Everyone collectively failed to deal with this appropriately, and really no-one gives a damn.

I do.

I am not called to be like other church people, I am called to be more like Jesus. Which includes needing spiritual courage, and includes not ignoring/enabling evil to occur.

But, I am not like most ‘Christians’. I don’t go by their rules, doctrines, fear induced passive ways.

Author: Healing From Complex Trauma & PTSD/CPTSD

I am a survivor of complex and multiple trauma and abuse, who at the age of 40, began my healing journey. I am using my journey to recovery and healing, to help others, to help survivors feel less alone, validated, encouraged and to enable others to understand themselves more. Complex trauma, particularly from severe, prolonged childhood abuse, is profoundly life changing. Complex trauma produces complex adults. The journey to recovery is a painful, often lonely, emotional daily challenge and it is my aim to encourage others in their daily battle. ~ Lilly Hope Lucario

2 thoughts on “I feel re-victimised by church views about abuse.

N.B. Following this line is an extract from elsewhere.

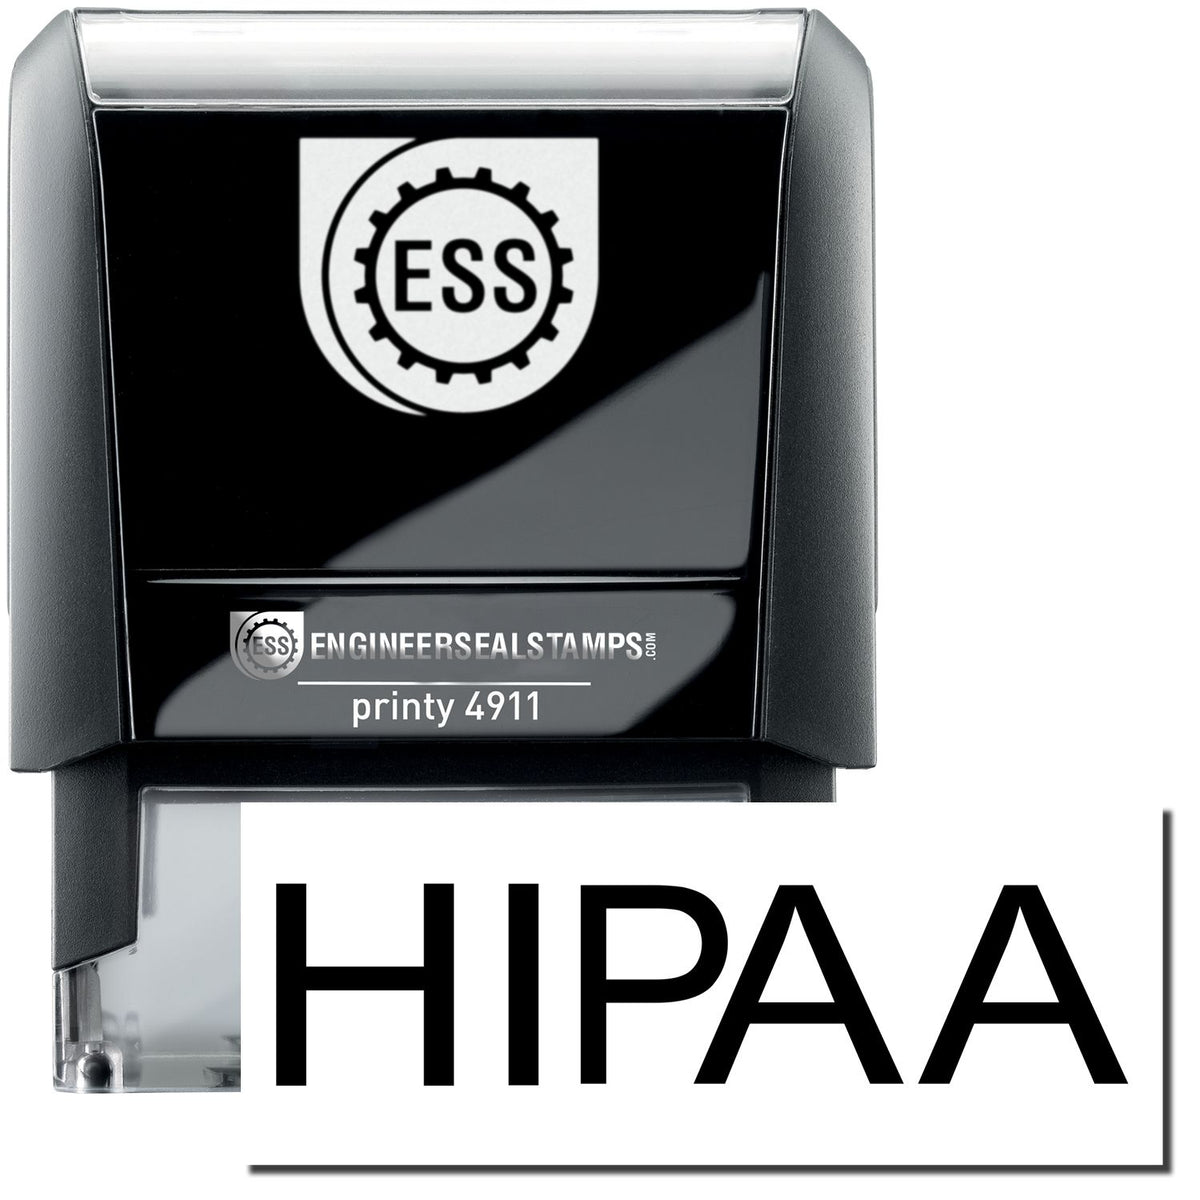 A self-inking stamp with a stamped image showing how the text &quot;HIPAA&quot; is displayed after stamping.

  1. Hello, my name is Val & I am a survivor of extreme, repeated birth – 18 incest, home RA, SRA, government, and medical experimental, torture, mind control, … I am also a Christian. I was moved by your comments. I was blessed to become a Christian at a young age and have grown in faith, love, gentleness, kindness, humility, peace and such prior to then finding out that my family was WAY more fucked up than I ever knew. I understand what you were sharing about church. I love God, and his people, but church is a real touchy subject and a trigger for me. Once I learned about what happened to me (age 35) I told my pastor, our church leaders, friends and I was re-traumatized by the very people that I thought that I could count on doubted me, were afraid of me, not able to just be present with me, some judged me. I then left and took some time to lick my wounds from that. I was fortunate that a close girlfriend took charge of my support (I had no $, no insurance, no therapist to pay) and schedule and called a bunch of people that I knew and I was forced to trust some before I was really ready to. It was a mixed bag. She made sure that I had someone come over everyday. Some listened, offered comfort, cleaned my house, were open to try to understand, pray for me, take walks. That was SO helpful for the first several months as I was flooding and freaking out. After that, I visited a few different churches, and I suffered as a ginny pig, had some people try to “cast my alters out” as though they were demons, abandoned me, tried to put their agenda on me, dismissed me, you know. Now I have just a very few group of close friends and we are there for each other. It is more like a New Testament church such as Acts. I wish we had more time to share with each other, people are super busy where we live, the cost of living is high and most people are juggling a pretty complex life. But, not as complex as our CPTSD. Just wanted to let you know, I hear you, I feel you (slang), and I am out here both as your sister in suffering, as well as your spiritual sister. The Lord is always good! At the same time sometimes churches really suck! W/b if you want to. I would love to hear from you.
    Take extra good care of yourselves, and I hope you are doing well in the area of your faith, hope and love girlfriend. Keep looking up.

  2. “Everyone collectively failed to deal with this appropriately, and really no-one gives a damn.”

    That is right exactly… I caught on to this early, still in a matter of denial of the reality of it being abuse … and isolated from the church… It hurt a lot to have no one … but at this point i am glad i didn’t re-traumatize myself by trying. What i got were blank stares and “at least he’s not beating you”. Gah! Anyway… I’ve come along way in my own understanding… and it’s nice to see this being discussed!